The coiled tubing 26 is inserted into the well 10 by the injector 12 through a stuffing box 32 attached to an upper end of the production string 20. The stuffing box 32 functions to provide a seal between the coiled tubing 26 and the production string 20 whereby pressurized fluids within the well 10 are prevented from escaping to the atmosphere. A circulating fluid removal conduit 34 having a shutoff valve 36 therein may be sealingly connected to the top of the casing string 18. Fluid circulated into the well 10 through the coiled tubing 26 is removed from the well 10 through the conduit 34 and a valve 36 and routed to a pit, tank or other fluid accumulator. A coiled tubing annulus 37 may also be defined to be between the coil tubing 26 and the production string 20.
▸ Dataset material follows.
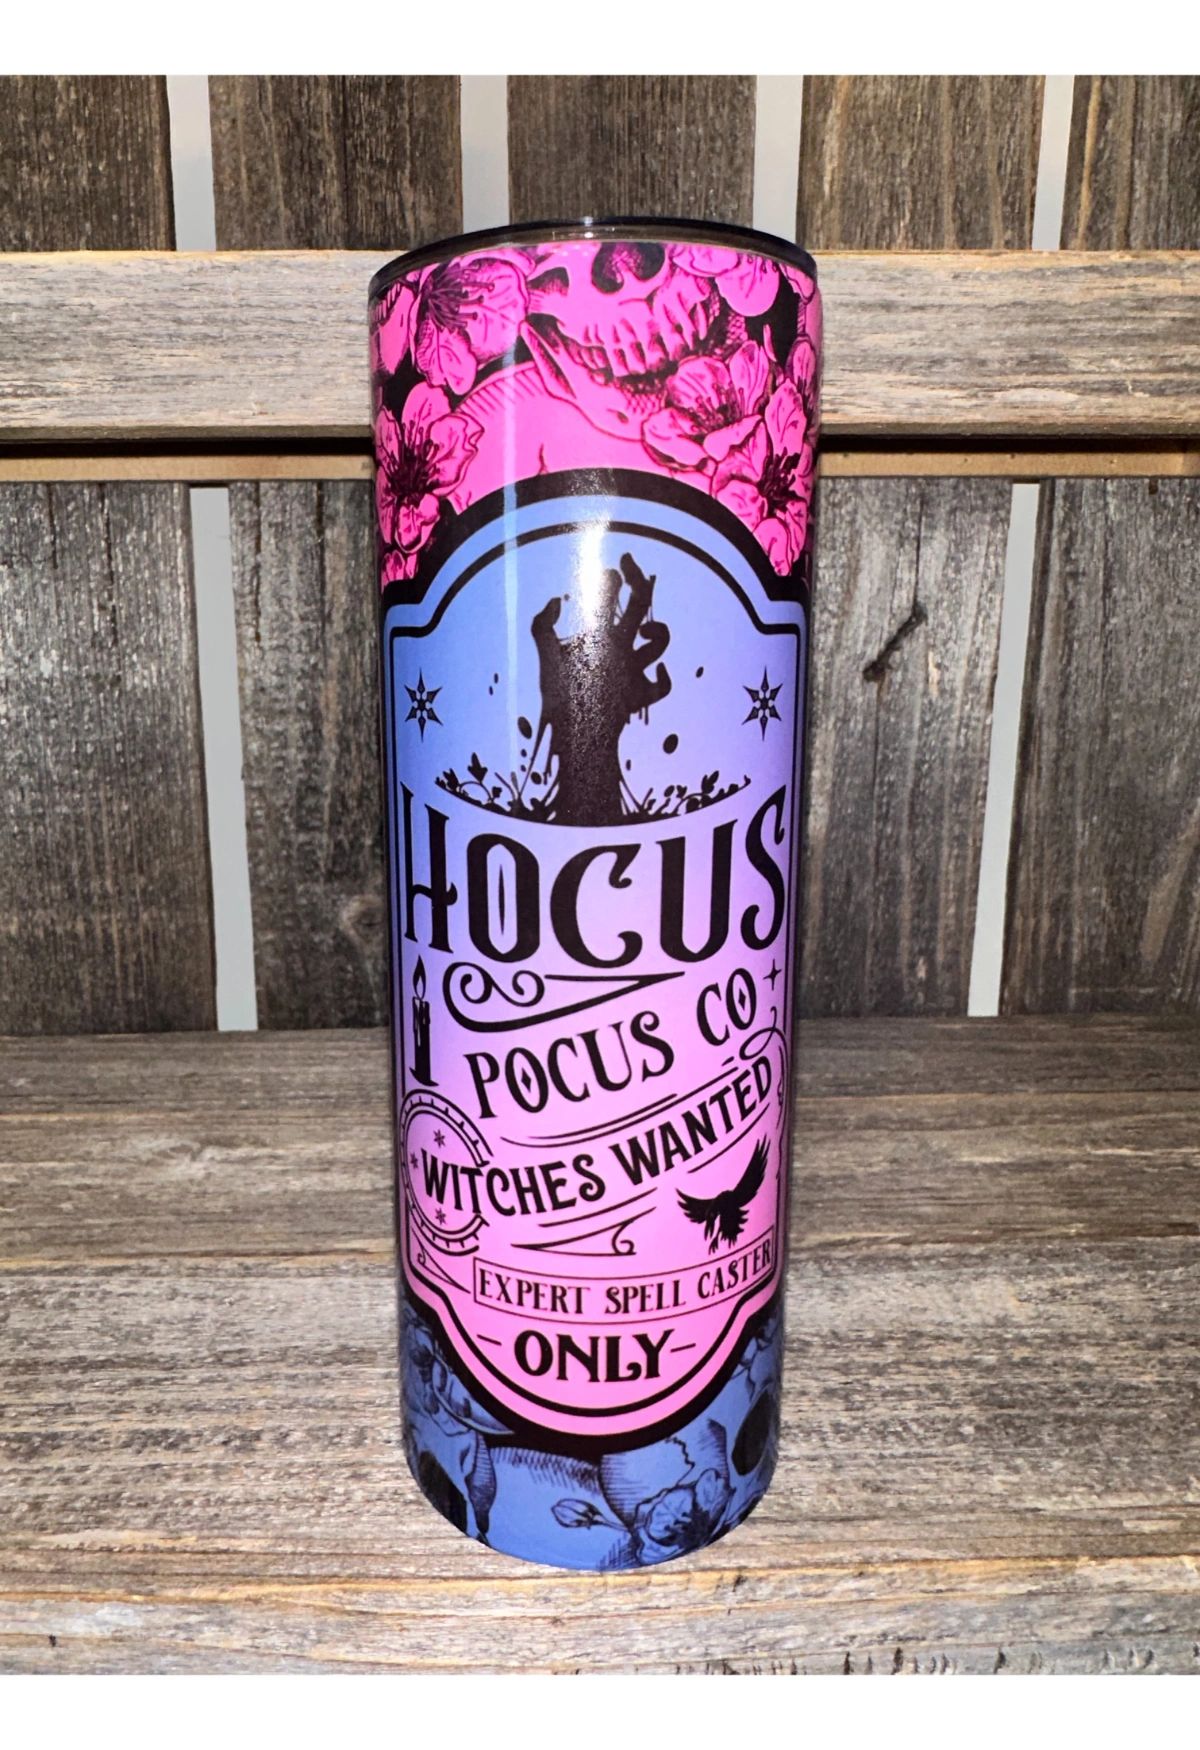 https://img1.wsimg.com/isteam/ip/37e10140-0757-4945-9cf7-787ae07165a7/ols/2054%20-%20Hocus%20Pocus%20Witches%20Wanted%20-%20Side%201%20-%202.jpg/:/cr=t:0%25,l:0%25,w:100%25,h:100%25
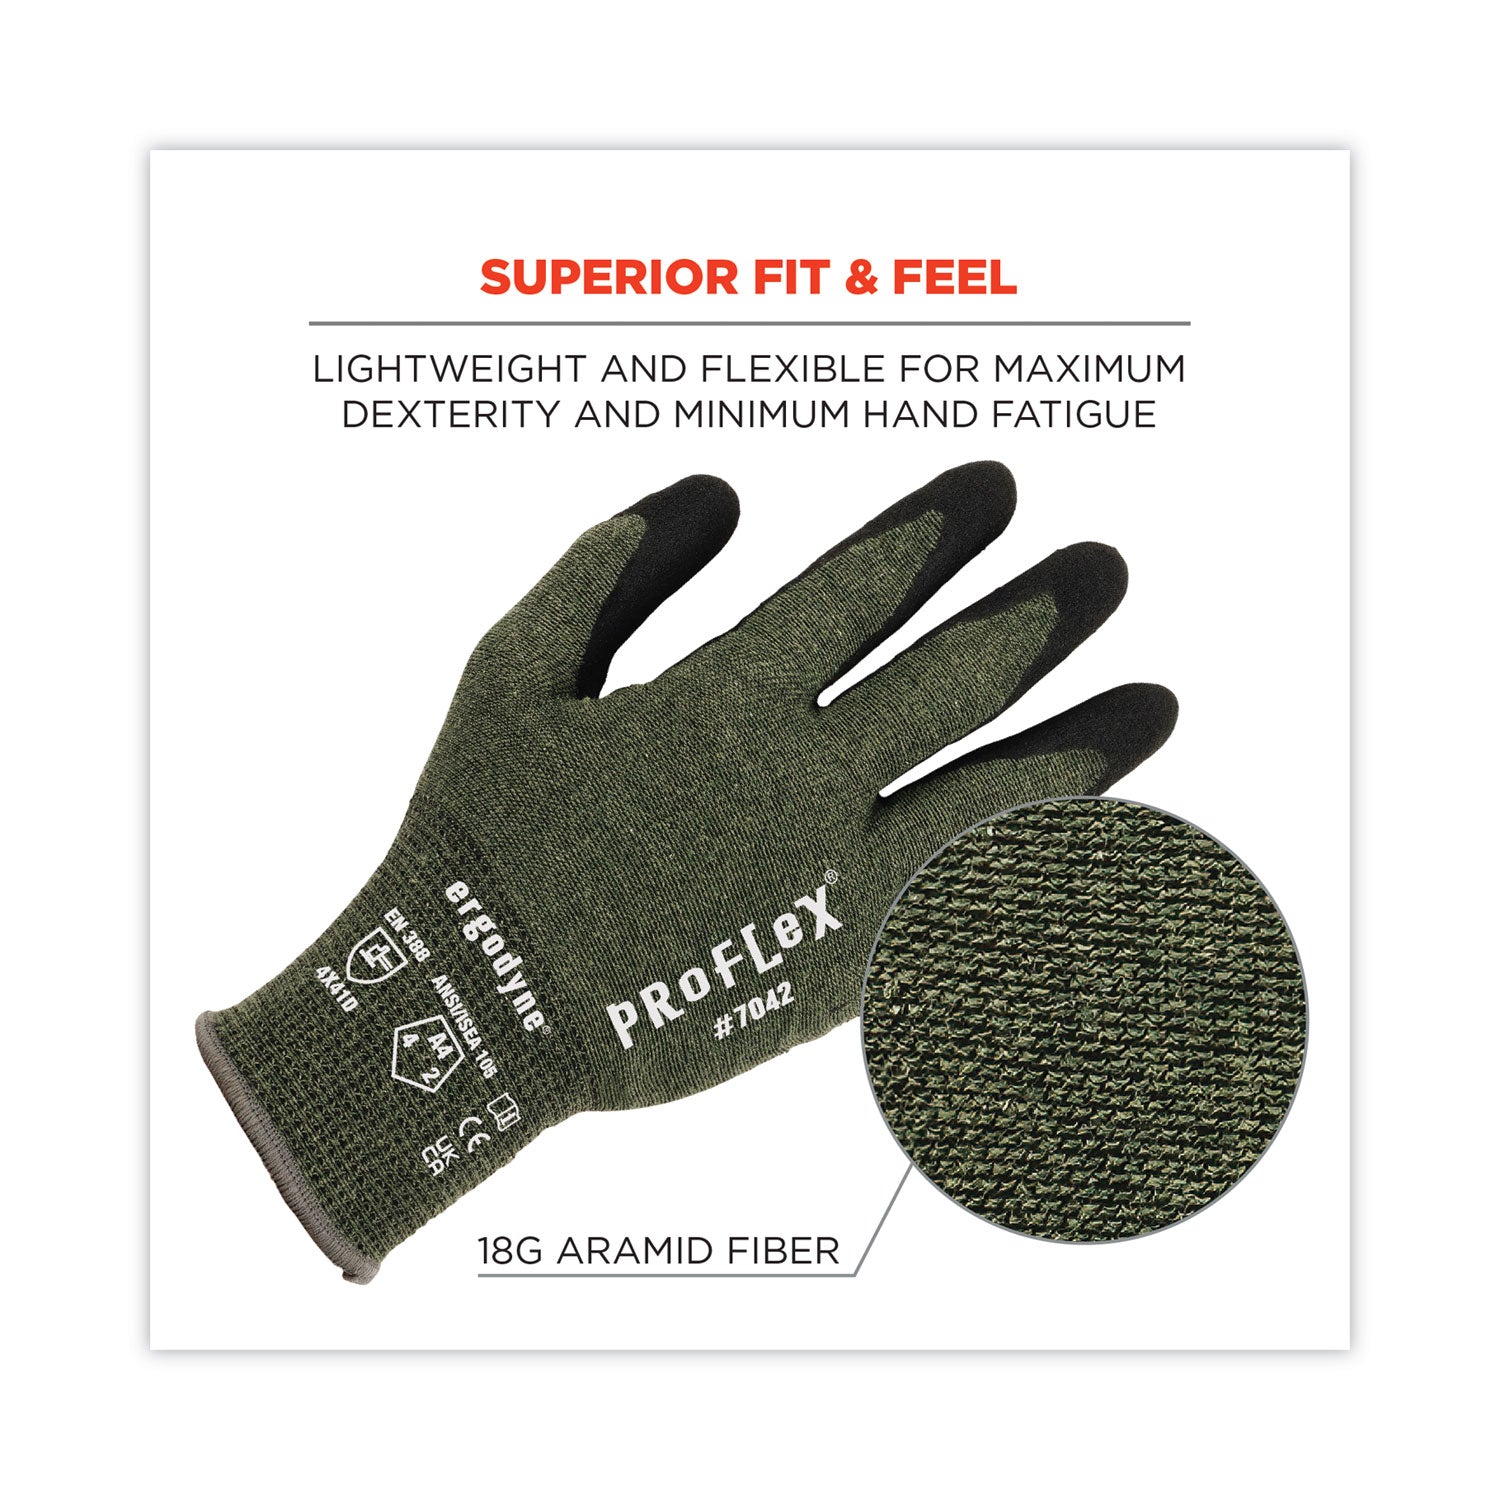 proflex-7042-ansi-a4-nitrile-coated-cr-gloves-green-medium-pair-ships-in-1-3-business-days_ego10343 - 3

The coiled tubing injector 12 may be of a kind known in the art and functions to straighten the coiled tubing 26 and inject it into the well 10 through the stuffing box 32 as previously mentioned. The coiled tubing injector 12 comprises a straightening mechanism 38 having a plurality of internal guide rollers 40 therein and a coiled tubing drive mechanism 42 which may be used for inserting the coiled tubing 26 into the well 10, raising the coiled tubing 26 or lowering it within the well, and removing the coiled tubing 26 from the well 10 as it is rewound on the reel assembly 14. A depth measuring device 44 is connected to the drive mechanism 42 and functions to continuously measure the length of the coiled tubing 26 within the well 10 and provide that information to an electronic data acquisition system 46 which is part of the reel assembly 14 through an electric transducer (not shown) and an electric cable 48.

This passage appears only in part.